--- THE TASK ---
Repeat exactly, and only, the lines from the line bearing "Selettivo di una" through the end of the material. Do not copy the pictures.

--- DATA ---
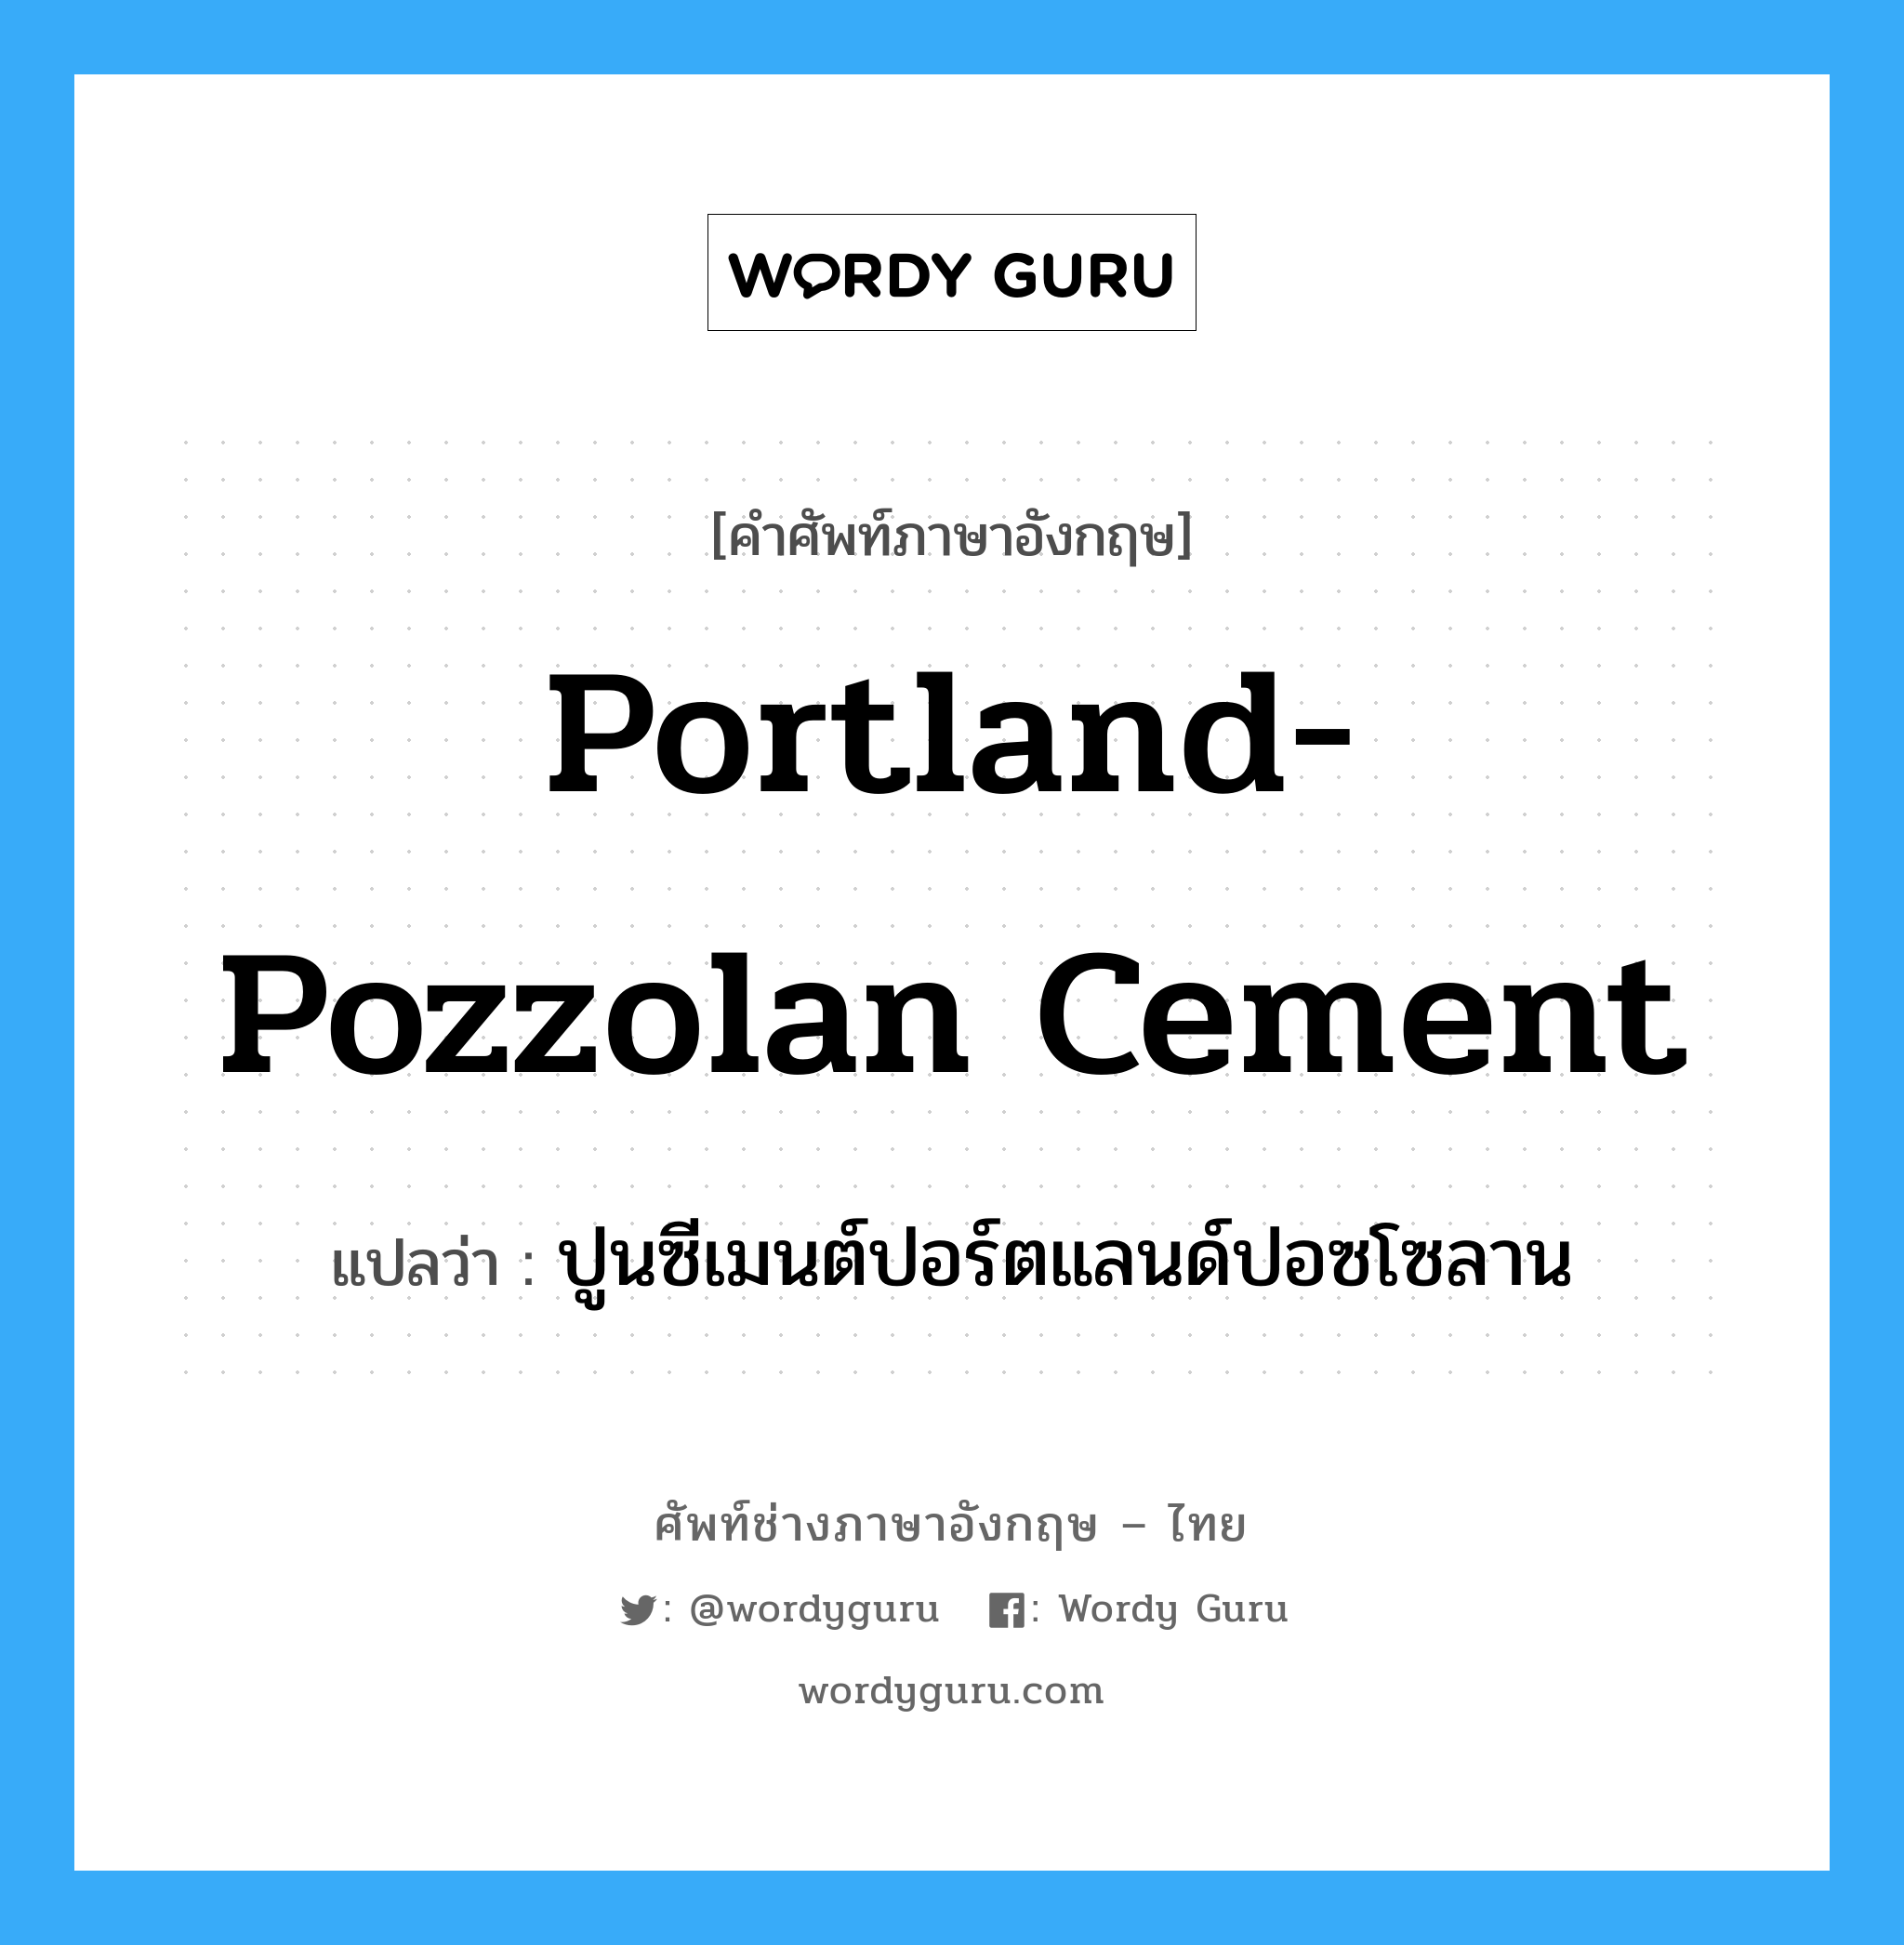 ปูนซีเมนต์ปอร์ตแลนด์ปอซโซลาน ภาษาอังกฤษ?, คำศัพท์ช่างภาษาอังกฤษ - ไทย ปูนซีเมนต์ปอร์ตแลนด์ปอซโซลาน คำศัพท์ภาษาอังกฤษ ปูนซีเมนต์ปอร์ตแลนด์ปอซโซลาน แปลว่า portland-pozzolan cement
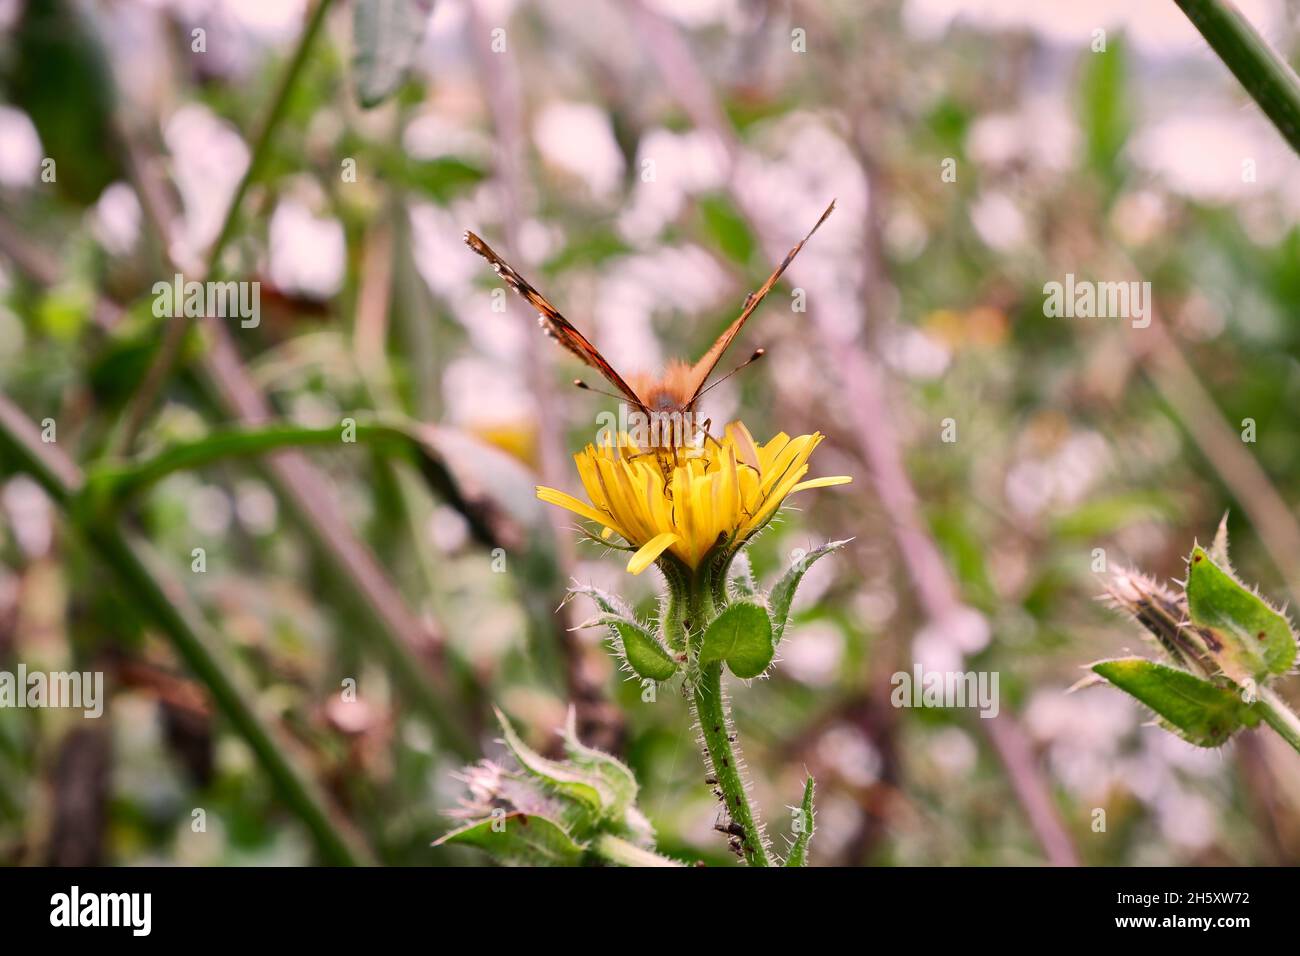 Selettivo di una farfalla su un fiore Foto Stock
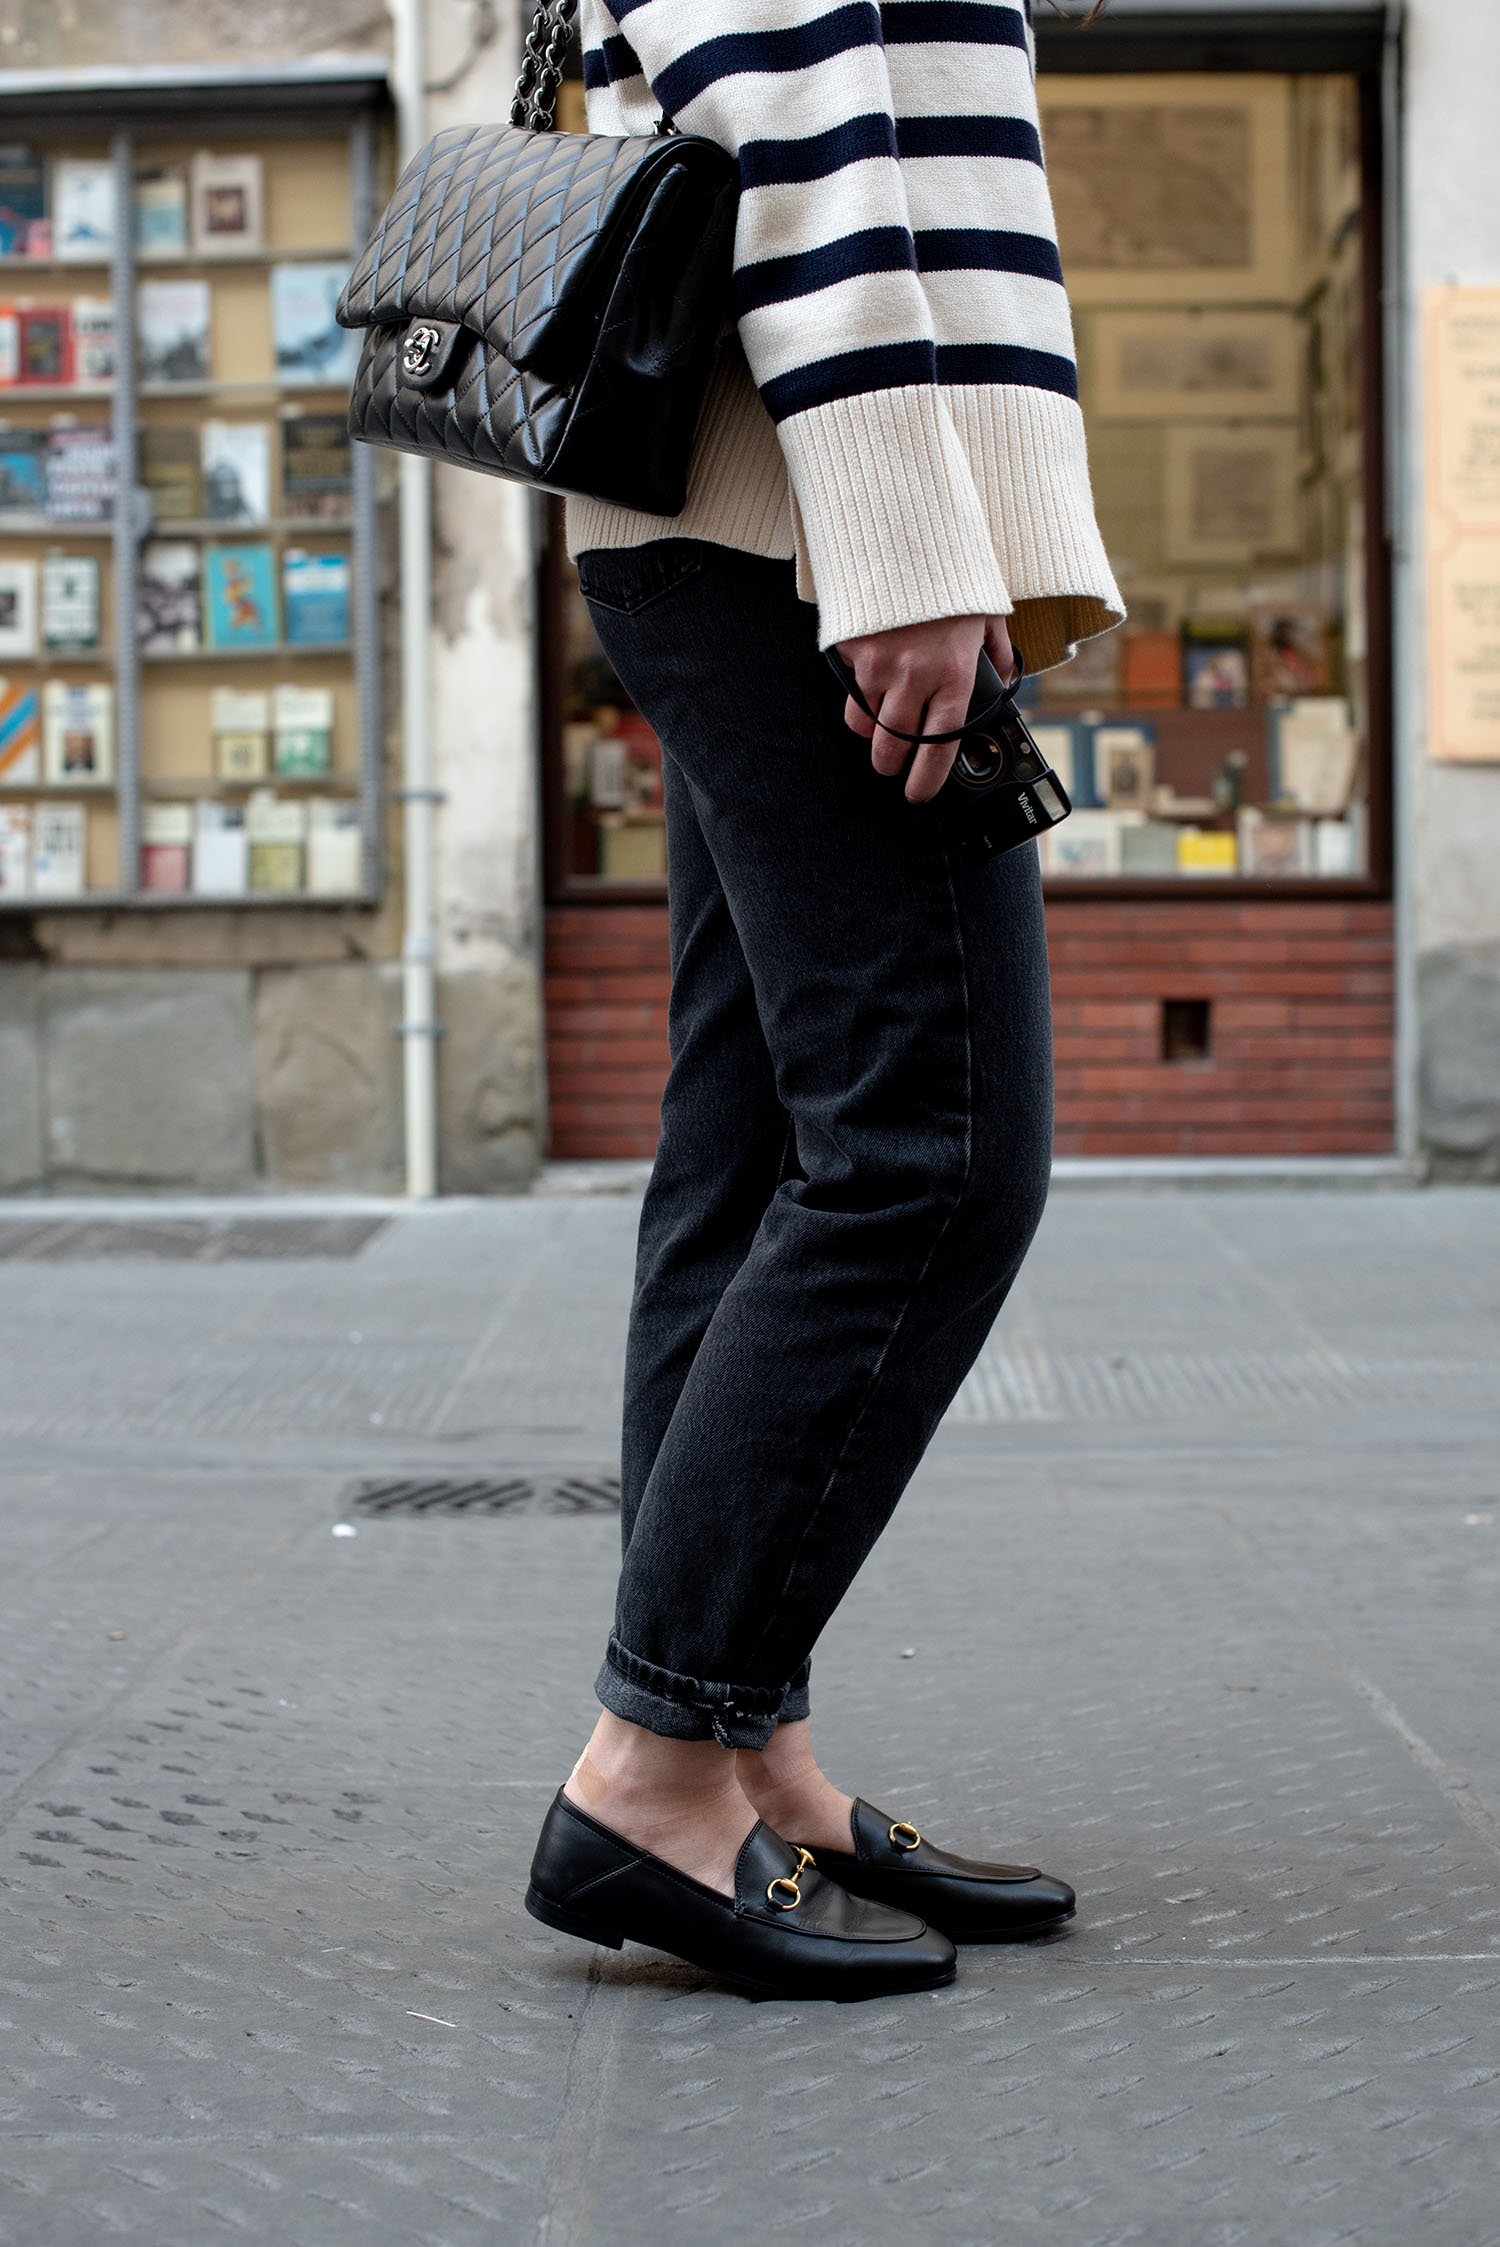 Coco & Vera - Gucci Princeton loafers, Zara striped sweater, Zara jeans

--- RESULT OF THIS TASK ---
 Selettivo di una farfalla su un fiore Foto Stock
 Coco & Vera - Gucci Princeton loafers, Zara striped sweater, Zara jeans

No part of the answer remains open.